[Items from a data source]
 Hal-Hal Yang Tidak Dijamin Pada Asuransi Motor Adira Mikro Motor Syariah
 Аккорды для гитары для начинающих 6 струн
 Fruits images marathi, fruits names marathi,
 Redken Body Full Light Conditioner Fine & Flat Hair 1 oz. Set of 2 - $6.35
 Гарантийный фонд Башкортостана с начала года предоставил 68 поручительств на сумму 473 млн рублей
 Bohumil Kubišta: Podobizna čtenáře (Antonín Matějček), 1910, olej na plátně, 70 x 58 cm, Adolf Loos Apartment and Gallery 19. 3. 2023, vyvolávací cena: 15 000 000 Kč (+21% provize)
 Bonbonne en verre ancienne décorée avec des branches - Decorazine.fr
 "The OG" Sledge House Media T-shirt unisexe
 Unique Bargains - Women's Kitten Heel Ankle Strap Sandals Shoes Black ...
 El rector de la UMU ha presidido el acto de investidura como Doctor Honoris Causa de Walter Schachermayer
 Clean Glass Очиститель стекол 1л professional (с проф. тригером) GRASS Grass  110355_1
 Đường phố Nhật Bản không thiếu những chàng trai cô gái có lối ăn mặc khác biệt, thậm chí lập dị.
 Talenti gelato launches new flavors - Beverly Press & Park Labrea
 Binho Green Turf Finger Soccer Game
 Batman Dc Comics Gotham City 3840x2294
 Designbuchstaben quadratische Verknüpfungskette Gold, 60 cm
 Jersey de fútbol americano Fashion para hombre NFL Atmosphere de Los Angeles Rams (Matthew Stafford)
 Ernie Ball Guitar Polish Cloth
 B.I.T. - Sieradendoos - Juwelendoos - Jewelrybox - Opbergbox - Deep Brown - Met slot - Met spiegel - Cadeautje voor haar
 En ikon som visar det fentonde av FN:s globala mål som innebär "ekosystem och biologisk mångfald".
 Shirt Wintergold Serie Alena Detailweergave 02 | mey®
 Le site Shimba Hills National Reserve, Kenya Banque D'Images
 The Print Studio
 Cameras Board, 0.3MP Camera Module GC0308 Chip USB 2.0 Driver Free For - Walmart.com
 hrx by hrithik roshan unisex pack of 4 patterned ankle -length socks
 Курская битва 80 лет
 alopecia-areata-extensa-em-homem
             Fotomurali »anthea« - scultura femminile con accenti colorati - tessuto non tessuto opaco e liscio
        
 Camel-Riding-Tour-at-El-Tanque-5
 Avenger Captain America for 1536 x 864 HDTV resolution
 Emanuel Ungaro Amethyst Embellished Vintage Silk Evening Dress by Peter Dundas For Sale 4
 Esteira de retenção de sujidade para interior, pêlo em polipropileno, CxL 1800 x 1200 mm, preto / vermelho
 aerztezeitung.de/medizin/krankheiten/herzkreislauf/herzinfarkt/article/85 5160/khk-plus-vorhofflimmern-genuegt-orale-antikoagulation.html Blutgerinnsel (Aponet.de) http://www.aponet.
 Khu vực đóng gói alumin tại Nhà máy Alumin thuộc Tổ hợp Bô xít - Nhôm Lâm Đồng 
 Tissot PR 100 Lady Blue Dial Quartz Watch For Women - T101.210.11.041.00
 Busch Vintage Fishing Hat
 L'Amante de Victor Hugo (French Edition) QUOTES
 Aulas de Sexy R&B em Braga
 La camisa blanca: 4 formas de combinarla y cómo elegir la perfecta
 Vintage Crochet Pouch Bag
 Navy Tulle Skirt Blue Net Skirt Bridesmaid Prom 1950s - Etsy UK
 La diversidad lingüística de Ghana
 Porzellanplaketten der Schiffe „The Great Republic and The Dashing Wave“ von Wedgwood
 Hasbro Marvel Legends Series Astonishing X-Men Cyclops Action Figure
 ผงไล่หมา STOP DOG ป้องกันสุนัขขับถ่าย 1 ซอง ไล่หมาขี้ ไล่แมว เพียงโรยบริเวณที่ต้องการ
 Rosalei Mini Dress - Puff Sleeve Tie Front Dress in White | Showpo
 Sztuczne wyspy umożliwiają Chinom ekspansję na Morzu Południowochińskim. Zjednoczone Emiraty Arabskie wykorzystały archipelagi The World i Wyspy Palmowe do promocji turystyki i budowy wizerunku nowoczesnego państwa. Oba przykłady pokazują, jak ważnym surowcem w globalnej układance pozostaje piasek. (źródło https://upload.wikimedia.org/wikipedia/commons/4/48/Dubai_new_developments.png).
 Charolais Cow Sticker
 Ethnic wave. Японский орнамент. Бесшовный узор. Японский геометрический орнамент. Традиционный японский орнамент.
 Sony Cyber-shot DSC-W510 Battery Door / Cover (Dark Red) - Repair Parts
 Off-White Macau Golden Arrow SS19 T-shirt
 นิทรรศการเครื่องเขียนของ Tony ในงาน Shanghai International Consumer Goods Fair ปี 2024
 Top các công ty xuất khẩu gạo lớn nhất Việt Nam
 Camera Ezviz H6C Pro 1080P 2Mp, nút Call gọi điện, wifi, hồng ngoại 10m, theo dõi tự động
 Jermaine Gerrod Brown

TASK OBJECTIVE → Output each of the records exactly as it stands above.

YOUR RESPONSE →
 Hal-Hal Yang Tidak Dijamin Pada Asuransi Motor Adira Mikro Motor Syariah
 Аккорды для гитары для начинающих 6 струн
 Fruits images marathi, fruits names marathi,
 Redken Body Full Light Conditioner Fine & Flat Hair 1 oz. Set of 2 - $6.35
 Гарантийный фонд Башкортостана с начала года предоставил 68 поручительств на сумму 473 млн рублей
 Bohumil Kubišta: Podobizna čtenáře (Antonín Matějček), 1910, olej na plátně, 70 x 58 cm, Adolf Loos Apartment and Gallery 19. 3. 2023, vyvolávací cena: 15 000 000 Kč (+21% provize)
 Bonbonne en verre ancienne décorée avec des branches - Decorazine.fr
 "The OG" Sledge House Media T-shirt unisexe
 Unique Bargains - Women's Kitten Heel Ankle Strap Sandals Shoes Black ...
 El rector de la UMU ha presidido el acto de investidura como Doctor Honoris Causa de Walter Schachermayer
 Clean Glass Очиститель стекол 1л professional (с проф. тригером) GRASS Grass  110355_1
 Đường phố Nhật Bản không thiếu những chàng trai cô gái có lối ăn mặc khác biệt, thậm chí lập dị.
 Talenti gelato launches new flavors - Beverly Press & Park Labrea
 Binho Green Turf Finger Soccer Game
 Batman Dc Comics Gotham City 3840x2294
 Designbuchstaben quadratische Verknüpfungskette Gold, 60 cm
 Jersey de fútbol americano Fashion para hombre NFL Atmosphere de Los Angeles Rams (Matthew Stafford)
 Ernie Ball Guitar Polish Cloth
 B.I.T. - Sieradendoos - Juwelendoos - Jewelrybox - Opbergbox - Deep Brown - Met slot - Met spiegel - Cadeautje voor haar
 En ikon som visar det fentonde av FN:s globala mål som innebär "ekosystem och biologisk mångfald".
 Shirt Wintergold Serie Alena Detailweergave 02 | mey®
 Le site Shimba Hills National Reserve, Kenya Banque D'Images
 The Print Studio
 Cameras Board, 0.3MP Camera Module GC0308 Chip USB 2.0 Driver Free For - Walmart.com
 hrx by hrithik roshan unisex pack of 4 patterned ankle -length socks
 Курская битва 80 лет
 alopecia-areata-extensa-em-homem
             Fotomurali »anthea« - scultura femminile con accenti colorati - tessuto non tessuto opaco e liscio
        
 Camel-Riding-Tour-at-El-Tanque-5
 Avenger Captain America for 1536 x 864 HDTV resolution
 Emanuel Ungaro Amethyst Embellished Vintage Silk Evening Dress by Peter Dundas For Sale 4
 Esteira de retenção de sujidade para interior, pêlo em polipropileno, CxL 1800 x 1200 mm, preto / vermelho
 aerztezeitung.de/medizin/krankheiten/herzkreislauf/herzinfarkt/article/85 5160/khk-plus-vorhofflimmern-genuegt-orale-antikoagulation.html Blutgerinnsel (Aponet.de) http://www.aponet.
 Khu vực đóng gói alumin tại Nhà máy Alumin thuộc Tổ hợp Bô xít - Nhôm Lâm Đồng 
 Tissot PR 100 Lady Blue Dial Quartz Watch For Women - T101.210.11.041.00
 Busch Vintage Fishing Hat
 L'Amante de Victor Hugo (French Edition) QUOTES
 Aulas de Sexy R&B em Braga
 La camisa blanca: 4 formas de combinarla y cómo elegir la perfecta
 Vintage Crochet Pouch Bag
 Navy Tulle Skirt Blue Net Skirt Bridesmaid Prom 1950s - Etsy UK
 La diversidad lingüística de Ghana
 Porzellanplaketten der Schiffe „The Great Republic and The Dashing Wave“ von Wedgwood
 Hasbro Marvel Legends Series Astonishing X-Men Cyclops Action Figure
 ผงไล่หมา STOP DOG ป้องกันสุนัขขับถ่าย 1 ซอง ไล่หมาขี้ ไล่แมว เพียงโรยบริเวณที่ต้องการ
 Rosalei Mini Dress - Puff Sleeve Tie Front Dress in White | Showpo
 Sztuczne wyspy umożliwiają Chinom ekspansję na Morzu Południowochińskim. Zjednoczone Emiraty Arabskie wykorzystały archipelagi The World i Wyspy Palmowe do promocji turystyki i budowy wizerunku nowoczesnego państwa. Oba przykłady pokazują, jak ważnym surowcem w globalnej układance pozostaje piasek. (źródło https://upload.wikimedia.org/wikipedia/commons/4/48/Dubai_new_developments.png).
 Charolais Cow Sticker
 Ethnic wave. Японский орнамент. Бесшовный узор. Японский геометрический орнамент. Традиционный японский орнамент.
 Sony Cyber-shot DSC-W510 Battery Door / Cover (Dark Red) - Repair Parts
 Off-White Macau Golden Arrow SS19 T-shirt
 นิทรรศการเครื่องเขียนของ Tony ในงาน Shanghai International Consumer Goods Fair ปี 2024
 Top các công ty xuất khẩu gạo lớn nhất Việt Nam
 Camera Ezviz H6C Pro 1080P 2Mp, nút Call gọi điện, wifi, hồng ngoại 10m, theo dõi tự động
 Jermaine Gerrod Brown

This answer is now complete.